On the other hand, search sends fewer conversions and they’re more expensive on a cost-per-conversion. However, those conversions close into won customers, who deliver lots of revenue, at a very high rate.
Knowing this, you can make more strategic decisions. Maybe you don’t have the budget or personnel to focus on both social and search. And the outcomes have revealed that it’s better to focus on search because that’s where you’re driving the most revenue.
Closed-loop marketing shows you which campaigns and channels drive the most revenue, according to the revenue attribution model you use.
It also shows you which drive the?least?revenue.
In other words, revenue data shows you which of your efforts are generating a return on your investment and which are simply wasting your budget, providing the information you need to cut spending on underperforming campaigns.
Without knowing which customers convert, it’s very difficult to form a complete picture of your customer buying journey. You can make educated guesses or interview a handful of customers, but there’s no guarantee that what you come up with reflects the actual journey your customers take.
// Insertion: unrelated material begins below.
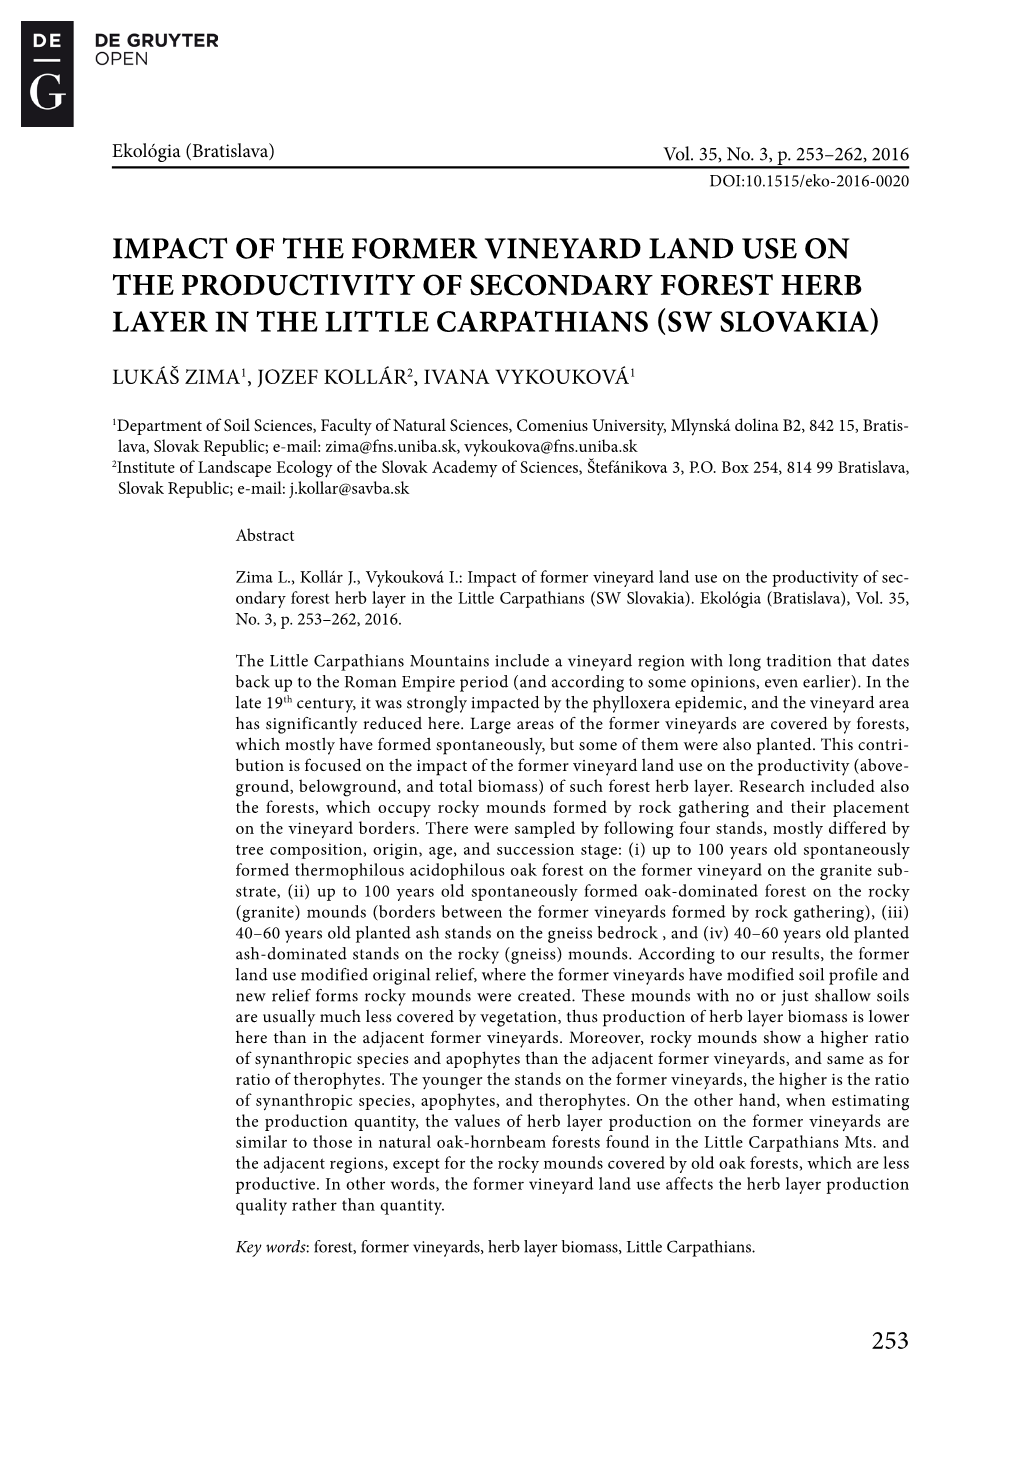 Impact of the Former Vineyard Land Use on the Productivity of Secondary Forest Herb Layer in the LITTLE CARPATHIANS (SW SLOVAKIA)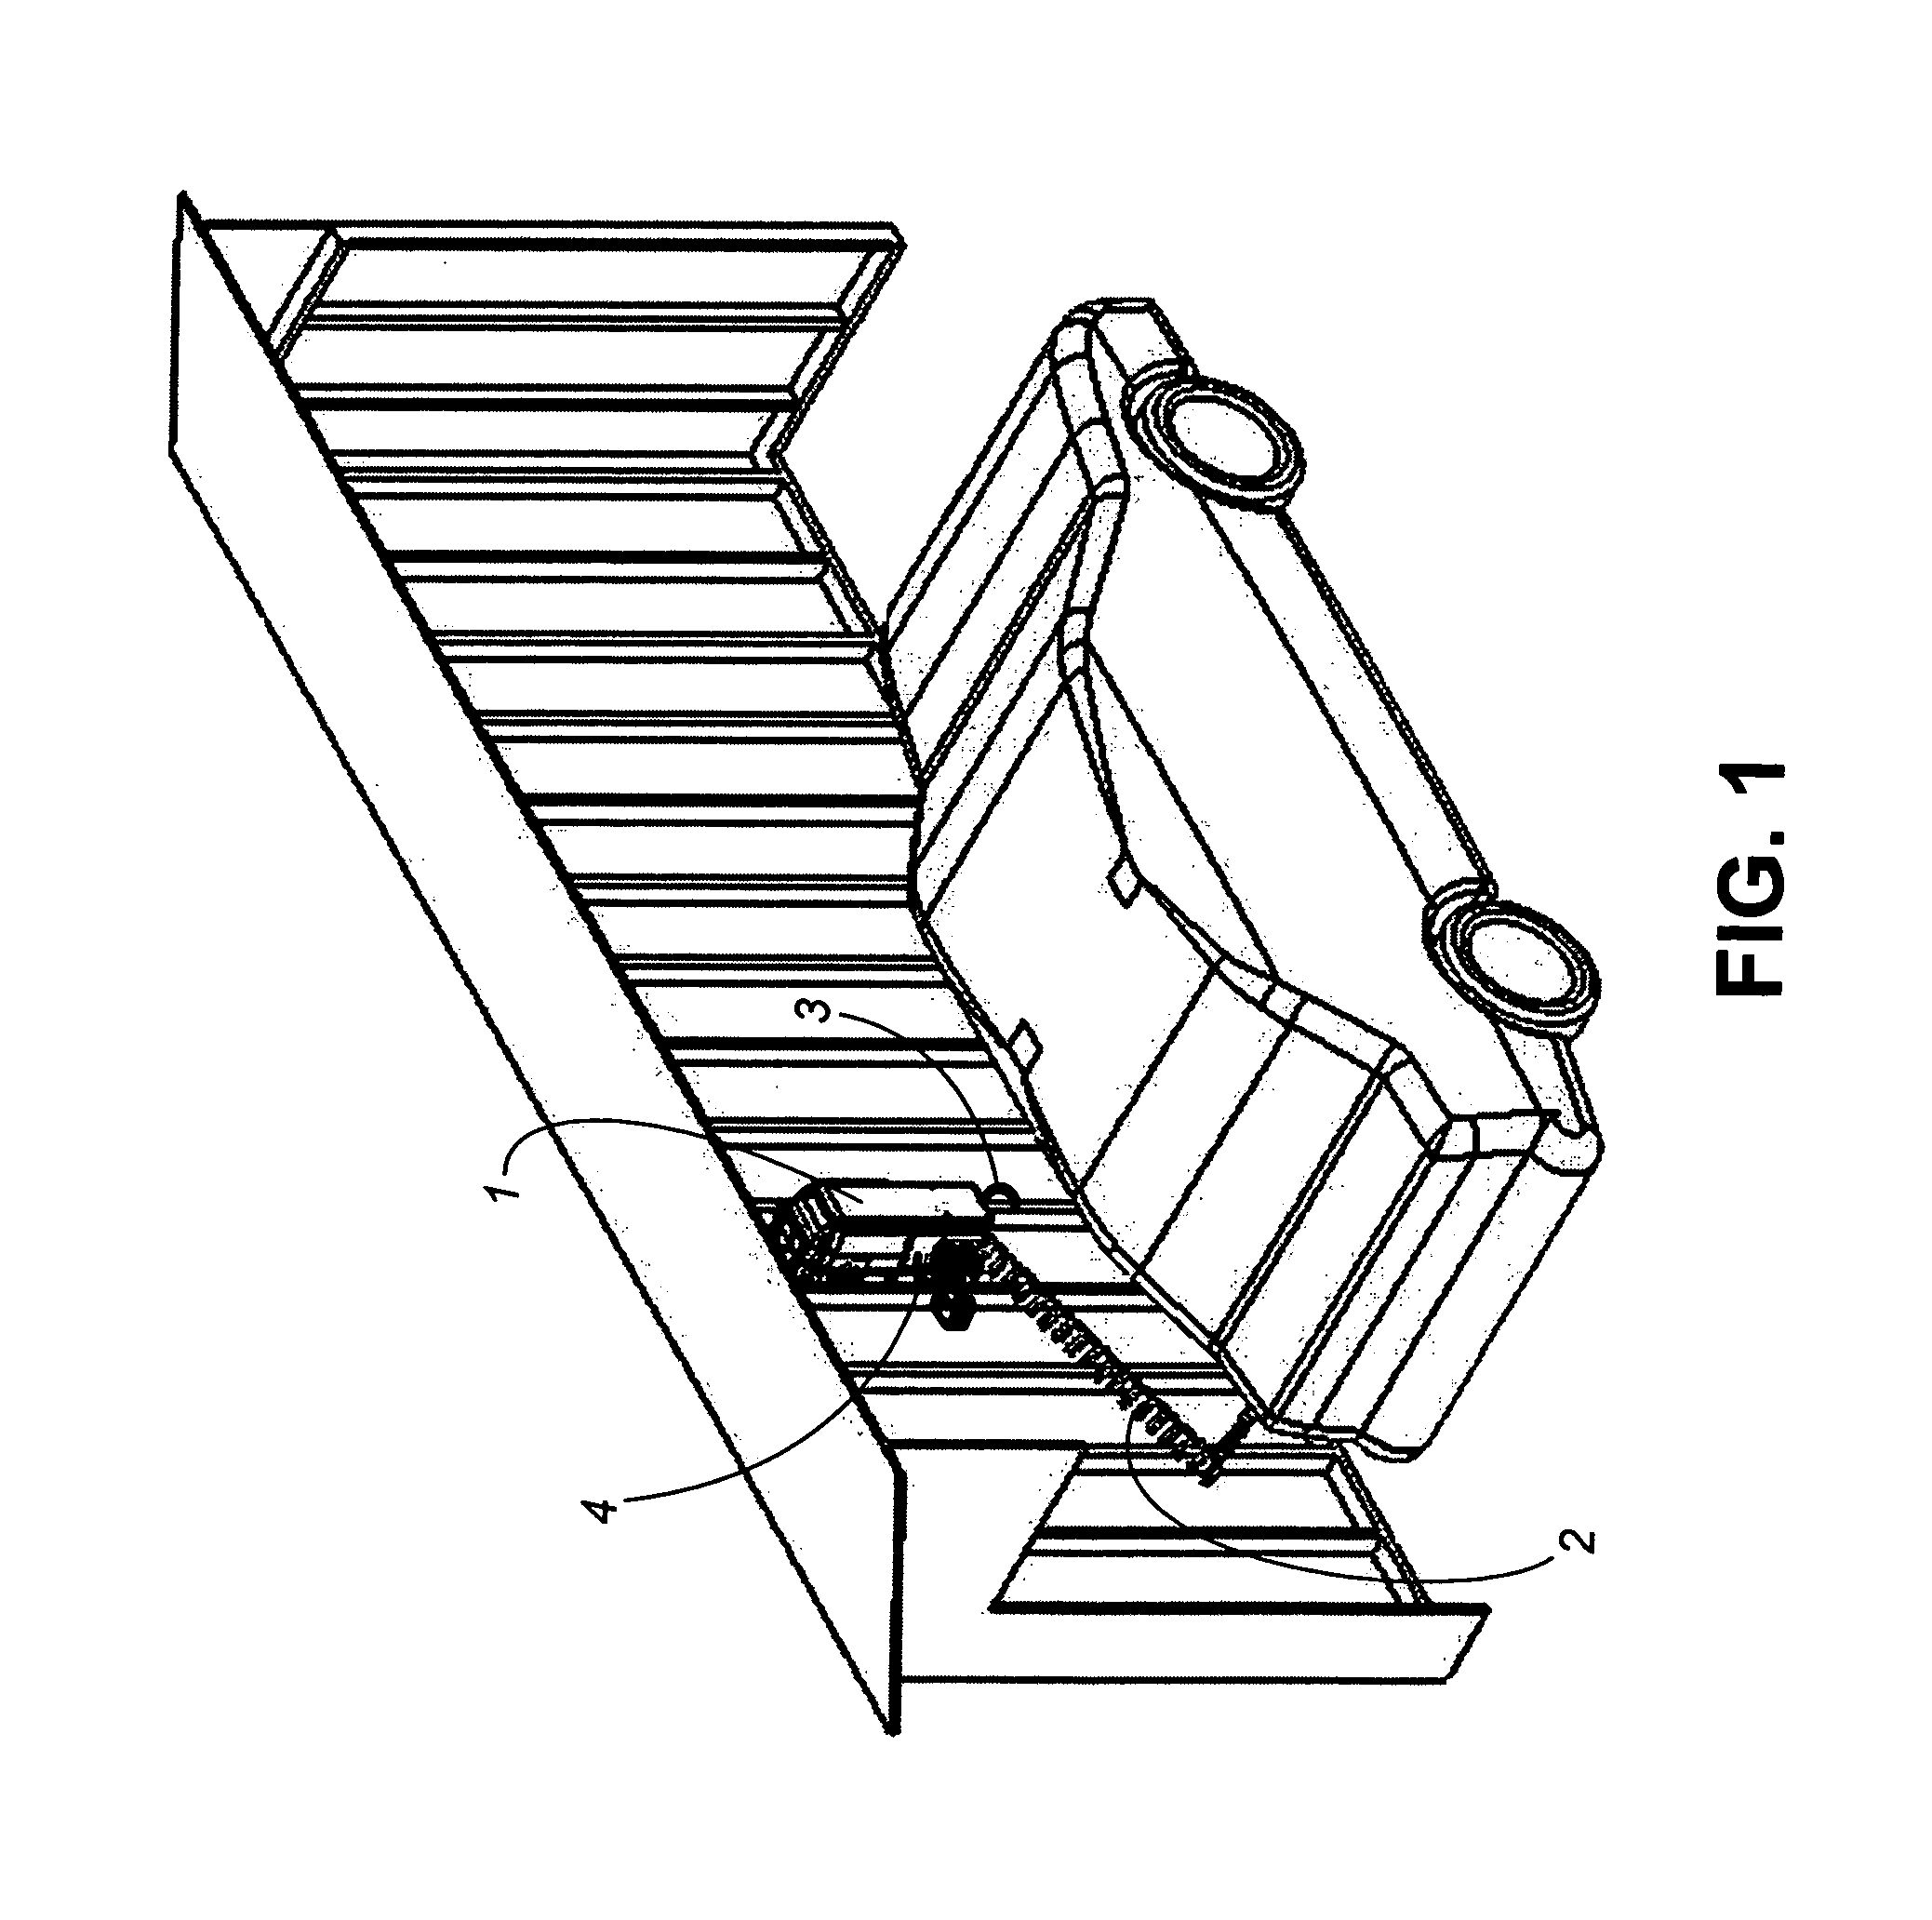 Residential compressor for refueling motor vehicles that operate on gaseous fuels

One of the best things about consolidated marketing and sales data is that you can see every single interaction customers had with your brand—from their first anonymous visit to the day they signed the check.
What campaigns did they interact with? What pages did they visit on your site? Did they request a demo, sign up for your newsletter, or visit your contact page and call?
Of course, you can do that without revenue data too, but only for the journey from being an anonymous visitor to becoming a known lead.
With closed-loop marketing, you can isolate that information down to only those individuals who became your most valuable customers, find consistencies in the journeys they took, and map out a new journey that guides prospects through an ideal experience.
with CLM, marketing and sales teams form a partnership. Sales benefits because marketing’s data feeds into sales’ CRM, letting sales reps see what products, services, and features prospects are interested in.
This lets them craft more targeted and personalised sales pitches.
Marketing teams see which of their initiatives generate the most conversions and can use that information to send sales more qualified leads.
This means more commissions for sales teams, proving the value of collaborating with marketing.
Marketers not only get a strategic partner in sales, but also the data they need to prove that all of their hard work has a positive impact on the company’s bottom line.